Aims: Among the isoforms of superoxide dismutase, SOD3 is uniquely associated with the extracellular matrix (ECM) by virtue of its heparin-binding domain (HBD). Substitution of arginine by glycine at amino acid 213 (R213G) of its HBD was first identified in patients with heart failure, followed by many studies that focused on the role of this variant (SOD3(R213G)) in ischemic heart disease and cardiovascular disease. However, the biological significance of this mutation in a physiological context is largely unknown.
Results: As a first step, we generated SOD3(R213G) transgenic mice, in which the variant gene was driven by the β-actin promoter allowing expression in all tissues. Unexpectedly, we found that SOD3(R213G) transgenic mice exhibited premature aging, including hair graying, abnormal gait, and a shortened life span. Specifically, the aged mice showed systemic inflammation and organ degeneration. In addition, aged SOD3(R213G) mice are susceptible to neutrophil-mediated inflammation. Among other functions, the neutrophils of SOD3(R213G) mice produce high amounts of reactive oxygen species, which would normally be controlled by SOD3 in ECM.

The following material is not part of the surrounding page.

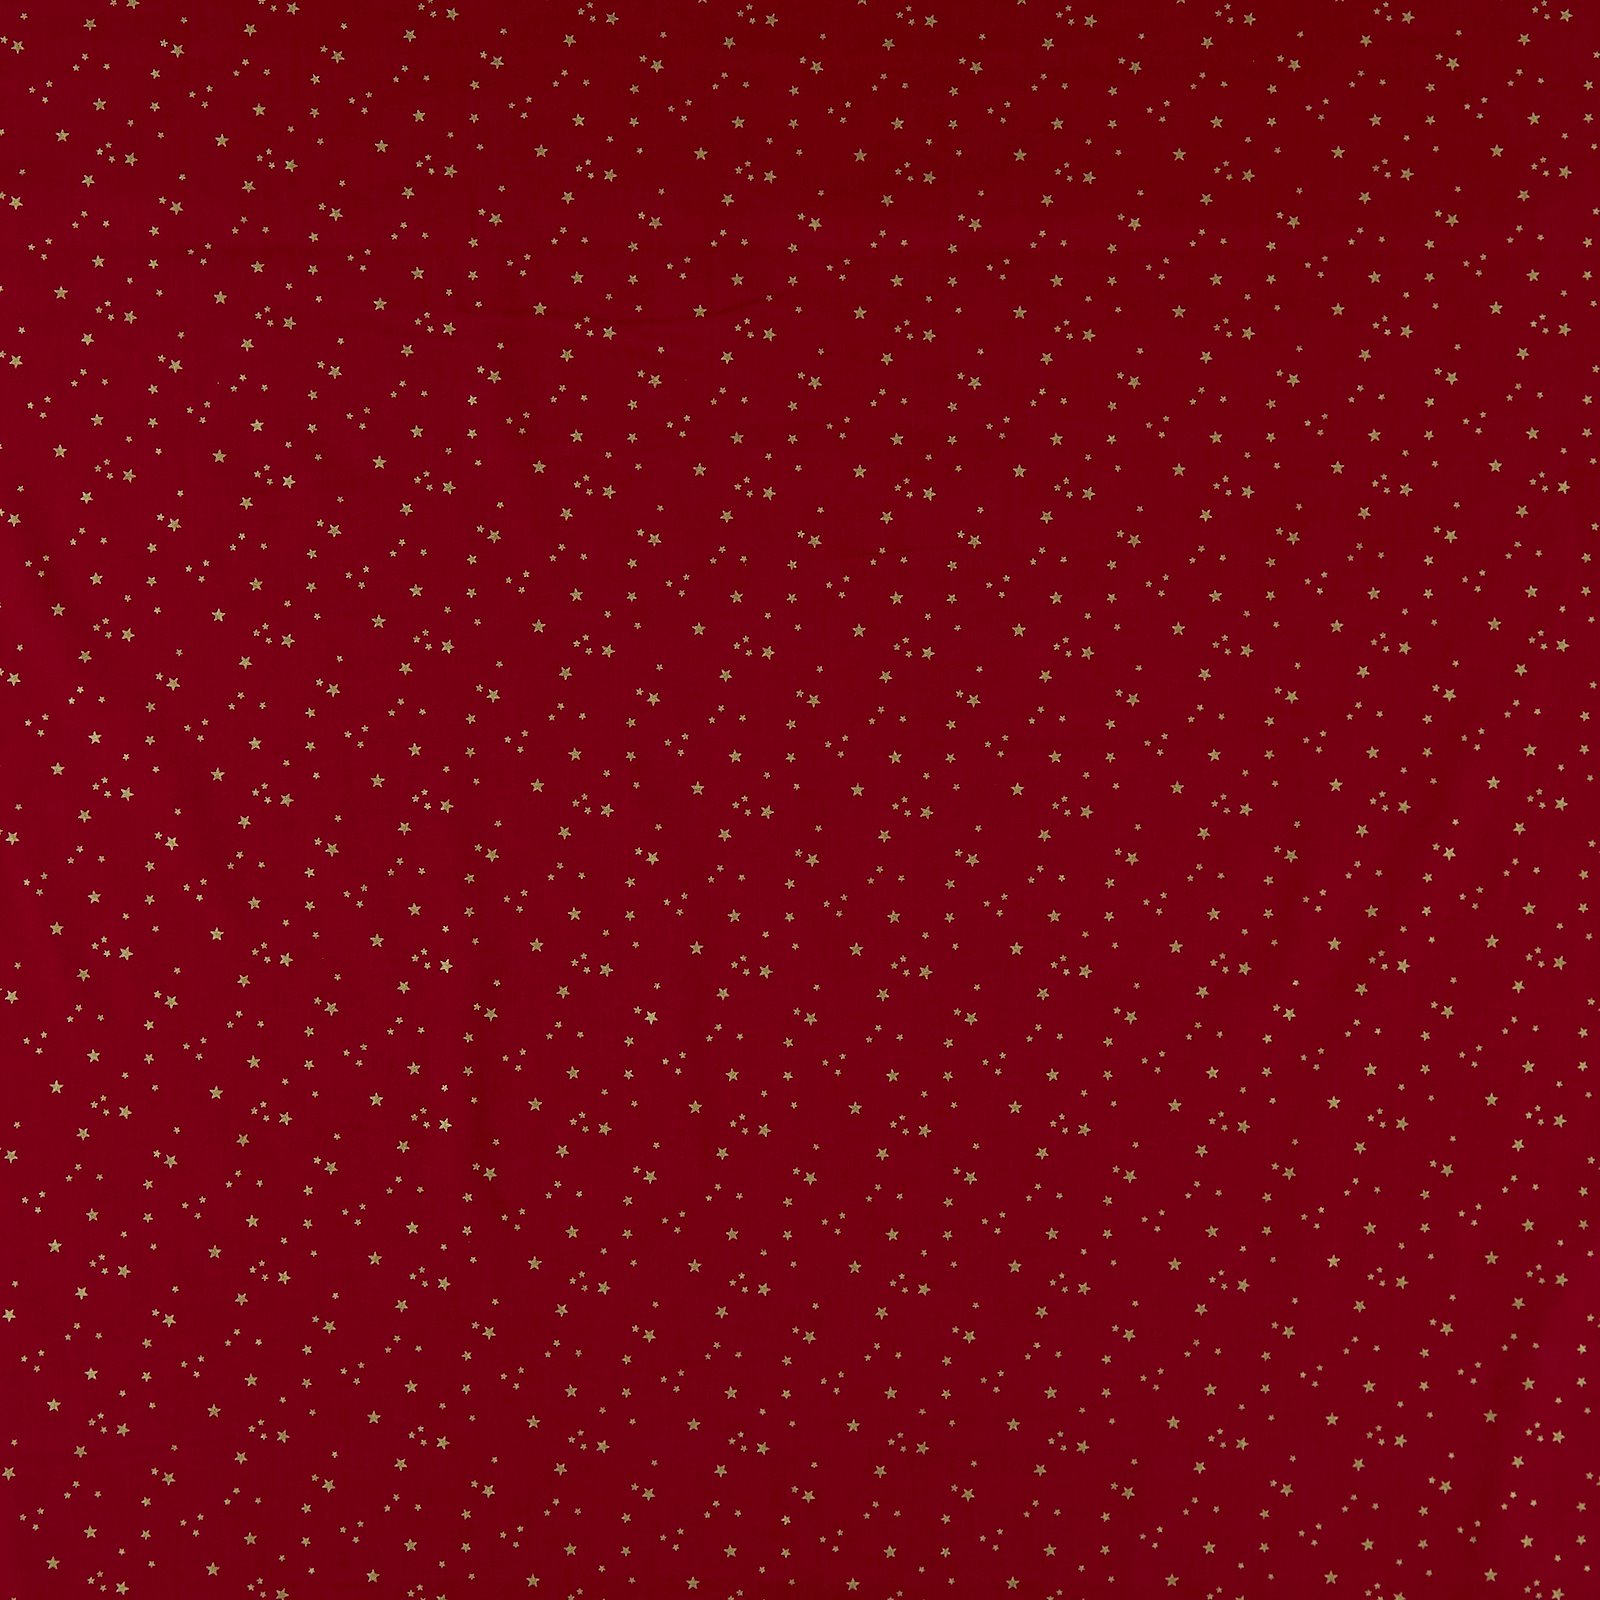 Cotton red w gold stars 790147_pack_sp

Innovation: These findings showed for the first time that arginine 213 in the HBD of SOD3 is critical for maintaining proper organ function through moderating the normal innate immune response, which would otherwise lead to chronic inflammation and degenerative diseases in aged mice.
Conclusion: Therefore, patients with this variant may be treated with SOD3 as a therapeutic strategy to prevent or cure these diseases.